Although plotting the proportion of samples carrying OW A versus NW B haplotypes identified all European countries except one mallard from China as OW A, the presence of OW A mtDNA haplotypes increased eastward in North America16 (Fig. 2b).

Nuclear population structure and phylogenetics

Population structure analyses were based on 36,637 (of 36,641) independent bi-allelic SNPs. Plotting the first two components of the PCA provided clear groupings of wild and domestic ancestry mallards, with individuals in intermediate space between them as hybrids (Fig. 3a, Supplementary Fig. S3A). Additional separation in PCA space was recovered for wild mallards from Greenland, and for all three of the sampled feral populations (i.e., New Zealand, Hawaii, and Khaki Campbell; Fig. 3a). Next, although an optimum K population model of 4 (Supplementary Fig. S3B) was recovered for our ADMIXTURE analysis across all samples, additional resolution was obtained up to a K population value of 7 (Fig. 3b). First, we found three wild mallard populations that included Greenland, remaining Eurasia, and North America. Whereas feral populations of Khaki Campbell’s and mallards of New Zealand comprised unique genetic clusters, we confirmed that the game-farm mallard stocks currently being released in Eurasia and North America, as well as the ancestry of Hawaii’s feral population assign to the same genetic cluster (i.e., game-farm mallard genetic cluster; Fig. 3b). Finally, we found that reference game-farm mallards sourced in Eurasia52 and from one breeder in North America53 have been more recently admixed with wild mallards from their respective regions and consistent with their histories of directed efforts to admix them with wild birds.
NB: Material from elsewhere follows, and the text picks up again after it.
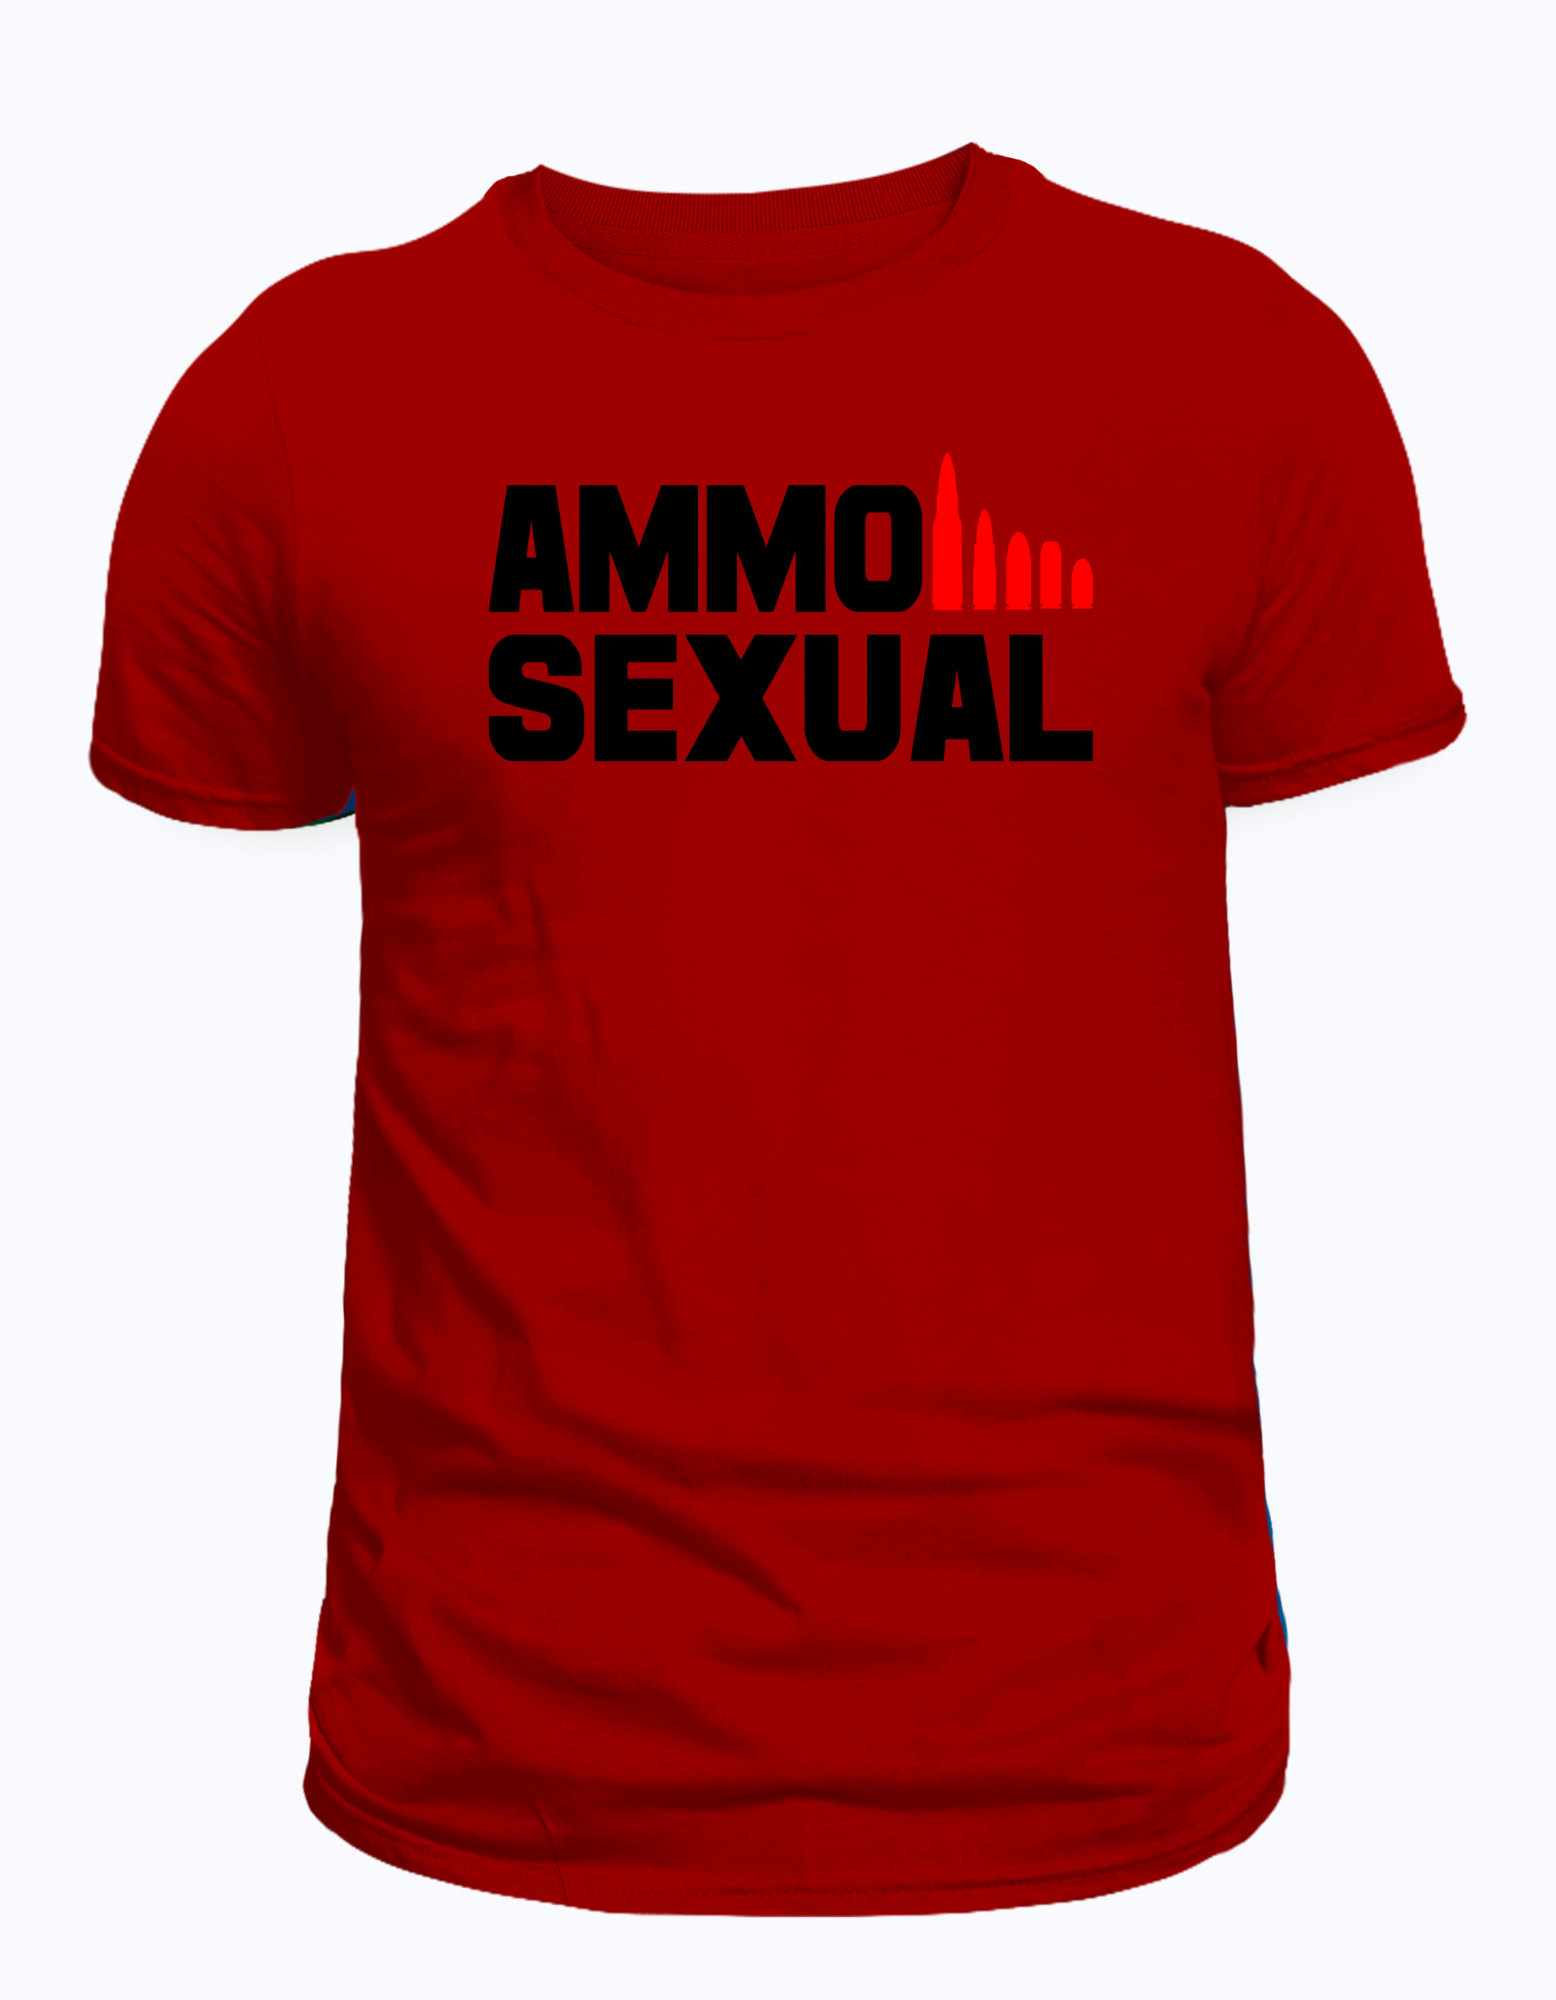 Ammo Sexual T-Shirt

Fig. 3: Nuclear population structure analyses.
figure 3

Nuclear population structure analyses based on 36,637 independent bi-allelic nuclear SNPs assayed across 1916 samples comprising wild mallards, known game-farm mallards, and feral mallard populations, and visualized based on a (a) Principal Component Analysis, and with ADMIXTURE assignment probabilities obtained for (b) all samples or (c) just known game-farm mallards and wild mallards from Eurasia and North America. d We then plotted the proportion of samples recovered as wild (WMA), GFM-feral /GFM-feral × WMA, or feral across sampled locations. Note that North America was grouped by the four known migratory flyways that waterfowl use during annual migrations.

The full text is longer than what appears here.